I tell Phil to do what I do:
Start off slow, and taper off.
“Tens will get you to the finish” I tell him.
Every one else here from the club is a grizzled Derry Veteran and way faster than I. So with that, we quietly meditate, and get ready for another Derry.
The announcer says it time to make our way the ½ mile to the start so the gym empties out. And we all fall in quietly and move to the start line. The race sold out this year with a 600 person cap. I walk silently with Phil, Mark and Jim, lost in crowd. Phil and I seed ourselves at the back and almost don’t hear the start of the race.
It takes us 30 seconds to get the start line and we settle in on the first mile uphill start.
First mile is leisurely10:28 and Phil next to me. We fall in with a pack of wimmin I’ll later regret and subconsciously punish. One of these wimmin is a non-stop talker with a voice that carries. I try to put some distance between us and I find myself with a group of likewise thinkers.
Together we raffle off a downhill 3 mile tear, 8:30s and this lady yapper takes notice and tells her friend to pick it up as well, talking seemingly without taking a breath. There a collective sigh in the group with me leading the charge to lose this girl.
Mile five is uphill: 9:32 for 46:04 by my watch.
Downhill to six: 9:22.
Seven is further downhill: 10:06,
Eight is flat: 8:51.
Nine is where the fun begins and the place where Phil drops out with leg pain. I lean on it to distance myself from these wimmin folk who have taken to walk up the hill: 9:28.
The talker has finally shut up.
At ten three wimmin catch up with me and pass: 9:32 for 93 minutes.
At eleven, I smile to see the steep rise, a chance to lose them for sure. Passing walkers by the bushel, I shorten my strides and maintain my pace and pass them all again.

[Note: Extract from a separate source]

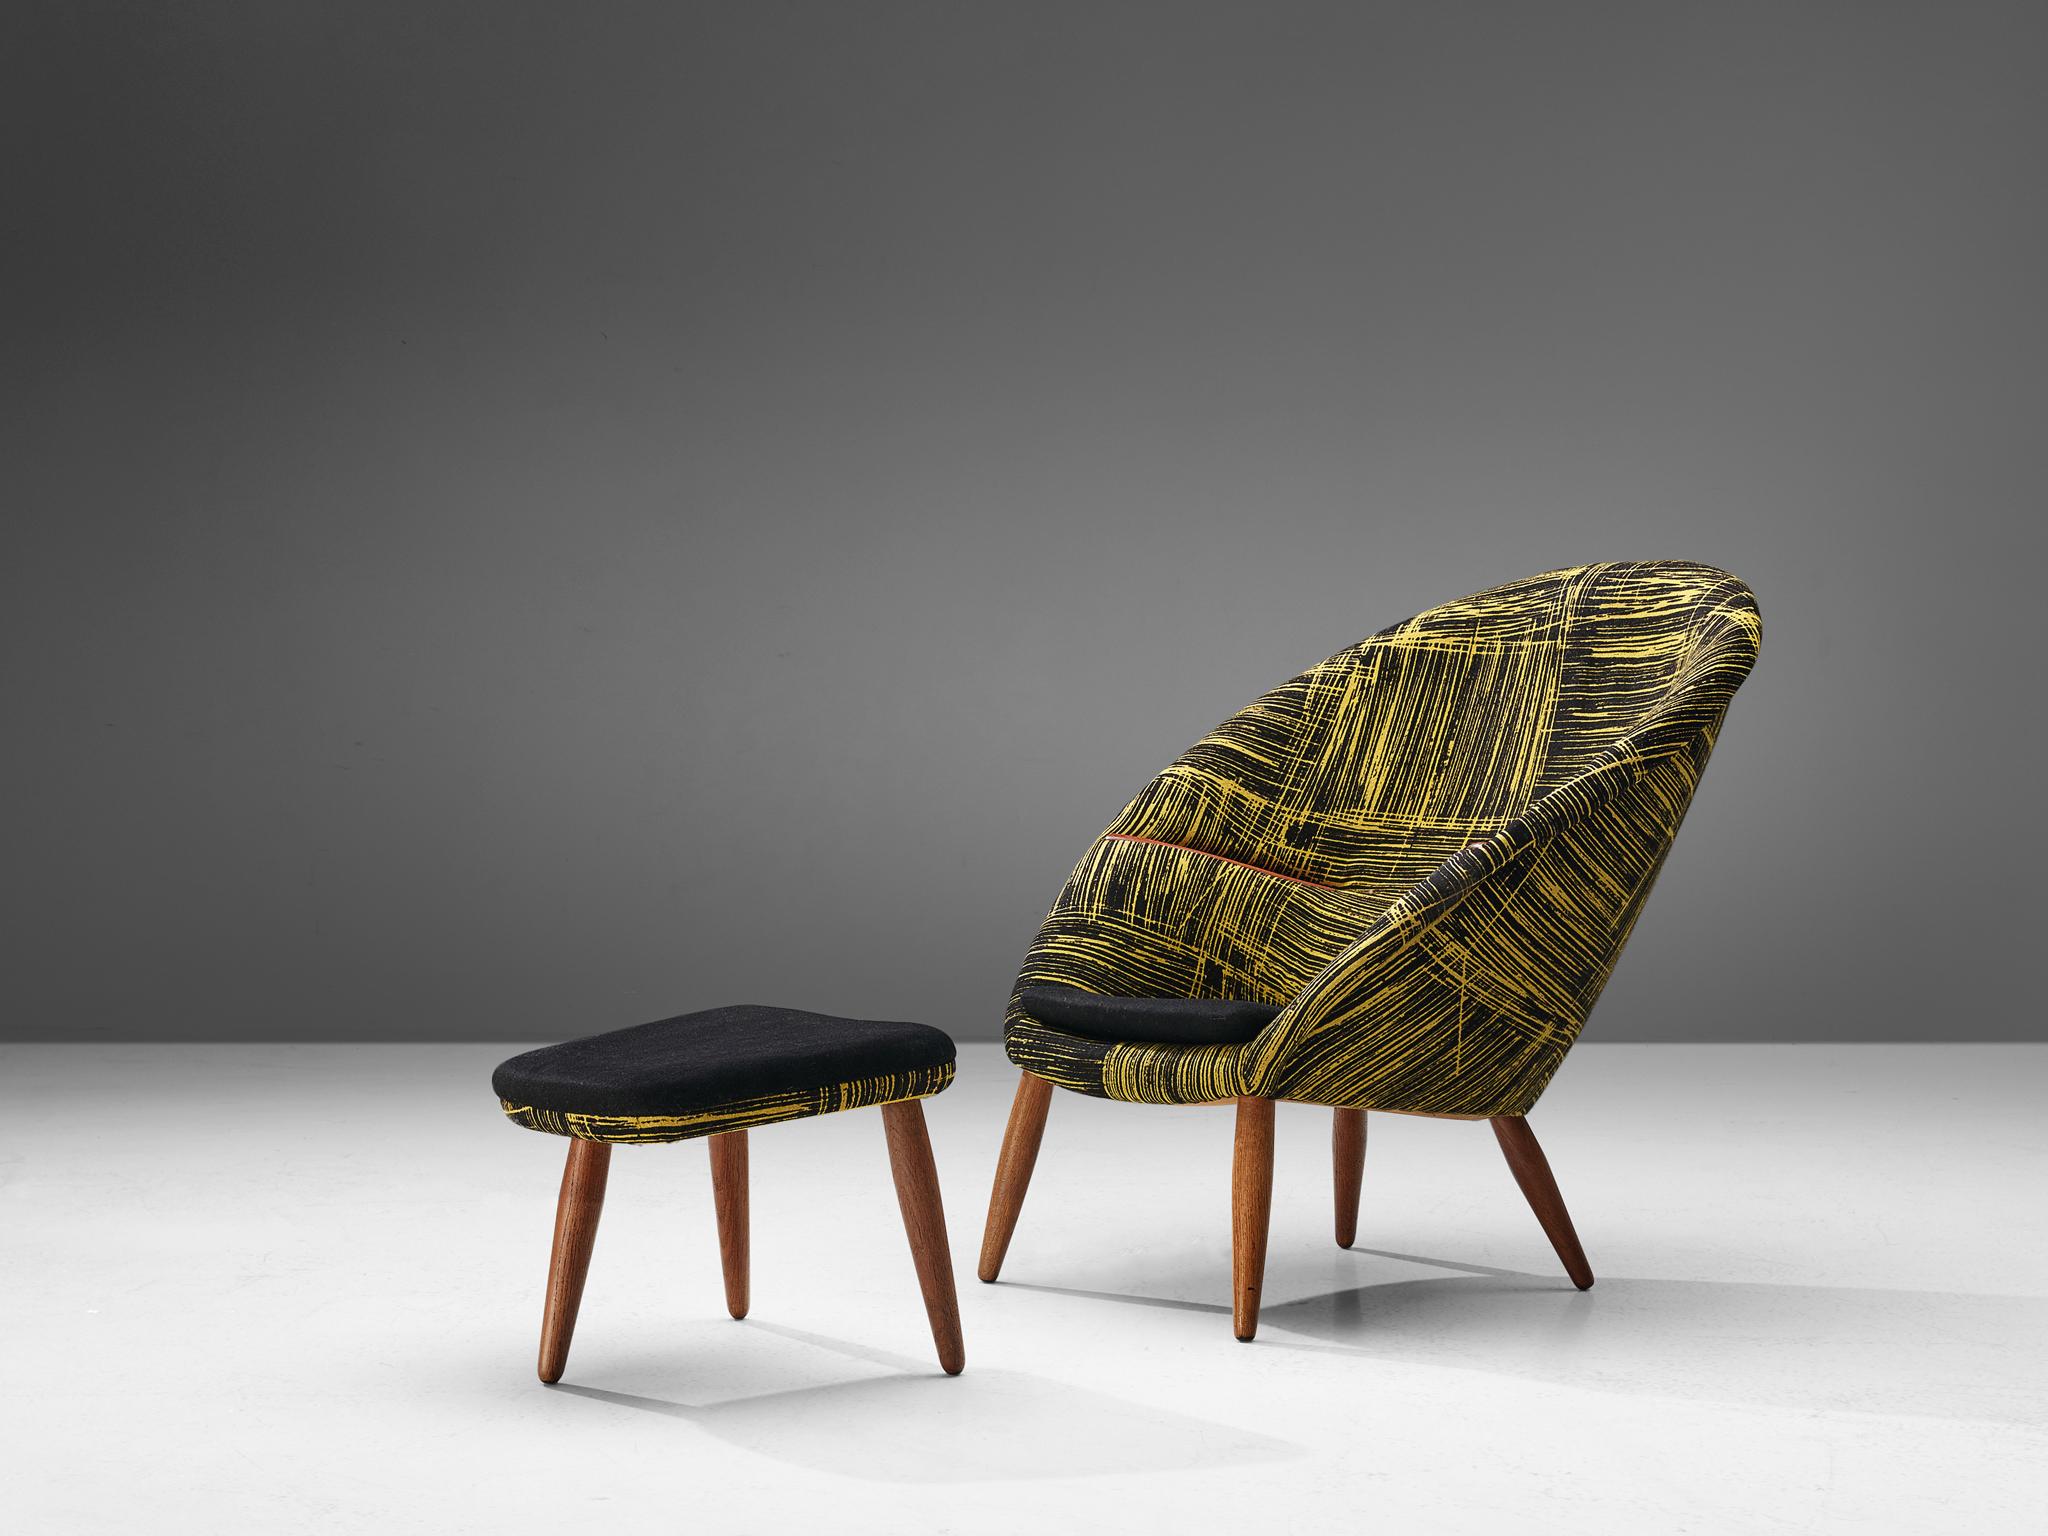 Arnold Madsen for Madsen & Schubell, Easy chair 'MS9' with stool, teak armrests with oak legs, upholstered in the original yellow and black wool, Denmark, 1950s.

This round and comfortable lounge chair is designed by Arnold Madsen for Madsen &

All I hear behind me is a lot of huffing and puffing.
Miles eleven: 9:52,
Twelve: 9:45
At thirteen I sense the wimmin folks weakness as one draws even with me and I crush them with a 8:53 to leave them all far behind for good.
I pass the half a 2:02, I put the hammer down.
Fourteen: a 9:19 and sensing the finish line nearby,
fifteen: a 9:09
An the last a 9:04 for 2:29:04 by my watch.
With the last hundred yards to go I pass a slower runner who’s friend is waiting for him. They meet up and this guys friend starts coaching him on to the finish and they both pass me with a couple hundred feet to go. “The heck with this”, I steam past them and close the book. Now I usually just head back to change, but today I turn around to see where these wimmin are. One by one they straggle in and with a respectful nod I cheer them on.